In the late ‘80s and ‘90s, when our magazine staff gathered for dinner we often made a toast: “Here’s to chip silicon!” I really believed (and still do) that making electronics more affordable would increase their use and make our lives better and the world a better place to be.
I haven’t toasted to cheap silicon for a while. Why? Because that mission has been accomplished.
At SEMI’s ISS, Paul Farrar, manager of the G450C consortium put the industry progress over the last 40+ years in perspective. “1 Megabyte of memory in 1970 was $750,000. It was sold as an IBM add-on,” he said. “The great technology was made of 57mm wafers, five masking levels, and one level of metal. Today, it’s is less than a penny. That is a 100 million X improvement.”
Of course, most people would like to see this trend continue, but it’s highly unlikely that we’ll see such dramatic progress. Scaling is getting too expensive. The transition to 450mm looks feasible from a technical standpoint (see my column on pg. 10) but it’s not yet clear if it will be less expensive than 300mm, particularly when you factor in 450mm lithography.
So if the scaling mission is accomplished, what’s next? There’s exploding interest in the “Internet of Things” where almost everything is tagged and connected. That will require some big upgrades in the server/network infrastructure, but that can be done with existing technology. It will also require inexpensive sensors and wireless communication.
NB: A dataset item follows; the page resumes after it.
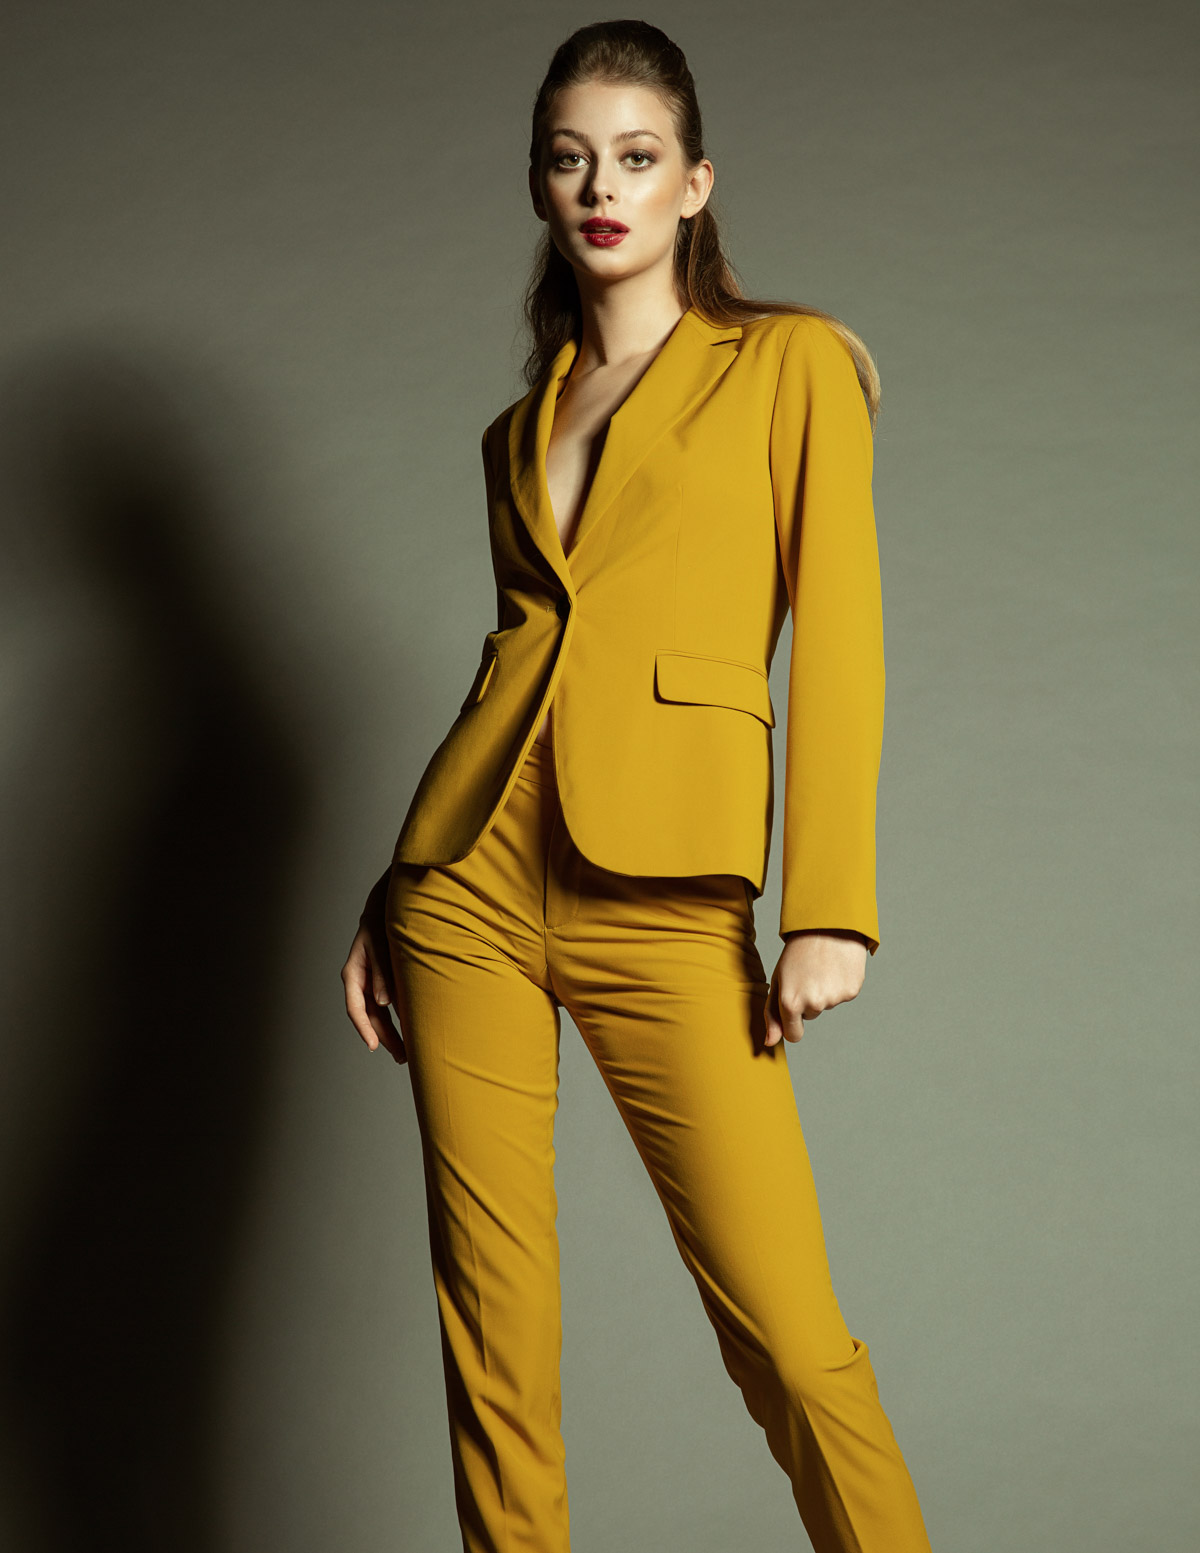 A fashion model posing in an all mustard coloured suit

By some estimates, the technology to achieve that is not ready. We need about a 10X improvement in price/performance. Ditto for wearable electronics and a whole host of applications in medical, automotive and the smart grid.
In the future, perhaps electronics will be printed like potato chip bags on roll-to-roll machines with ink-jet-like deposition of materials. Perhaps tiny MEMS with integrated sensors, thin-film batteries, energy harvesting, microprocessors and other functions will be produced for less than a penny. Perhaps everyone will have inexpensive body area networks embedded in their clothing that constantly monitor their health.
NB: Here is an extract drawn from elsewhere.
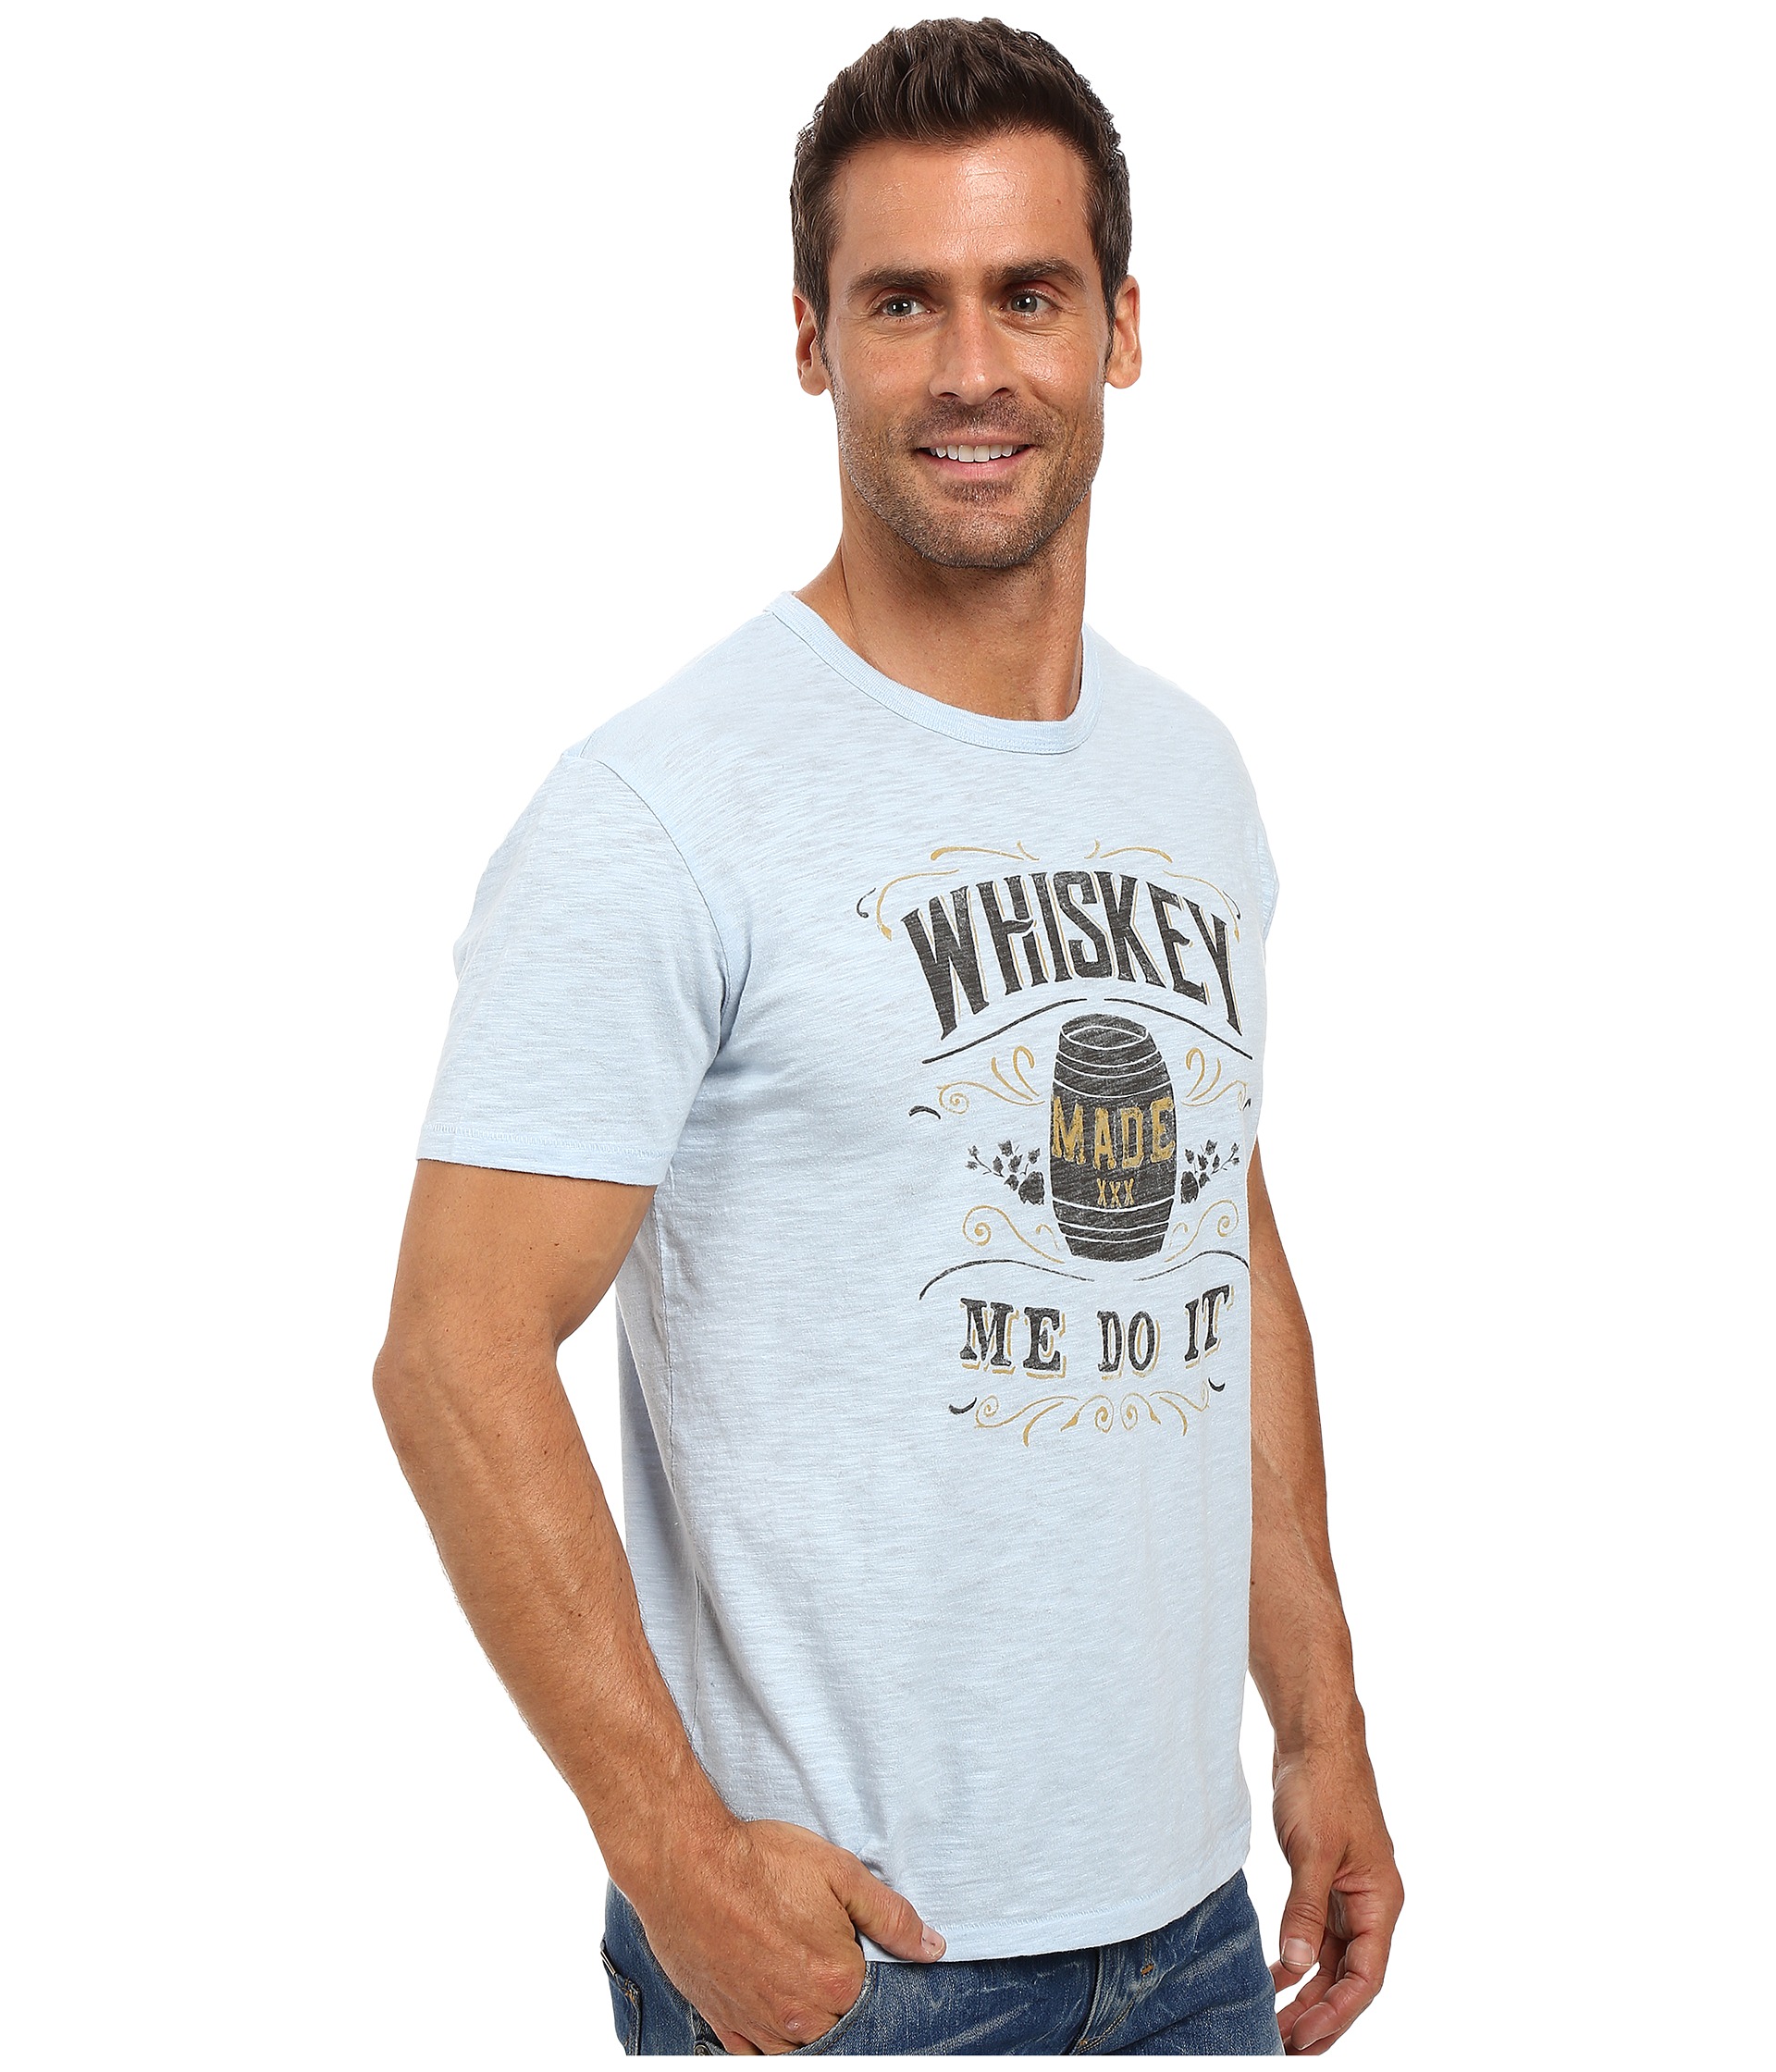 Lucky Brand Whiskey Made Me Graphic Tee

It’s all possible, but it will take some innovation in processing equipment and materials.
The answer to the question in the last (actually next to last) paragraph is already in the statement in the first (ok, third). if 1M+ transistors cost less than a penny, how many do the number required to effect a wireless sensor cost?
The technical problem is in the packaging, for which Terepac has developed the solution (and it is not potato chip bag printing, which is not nearly as cheap as that 1Mb of memory). There is also a business problem, however: not even RFID tags (much simpler and potentially cheaper than wireless sensors) are selling for a penny each, because unless one makes trillions of them annually, the business is not there by today’s standards (a $1M annual revenue is not catching anyone’s attention). So there has to be a growth route from millions of devices to the trillions. That is by far the more complex problem.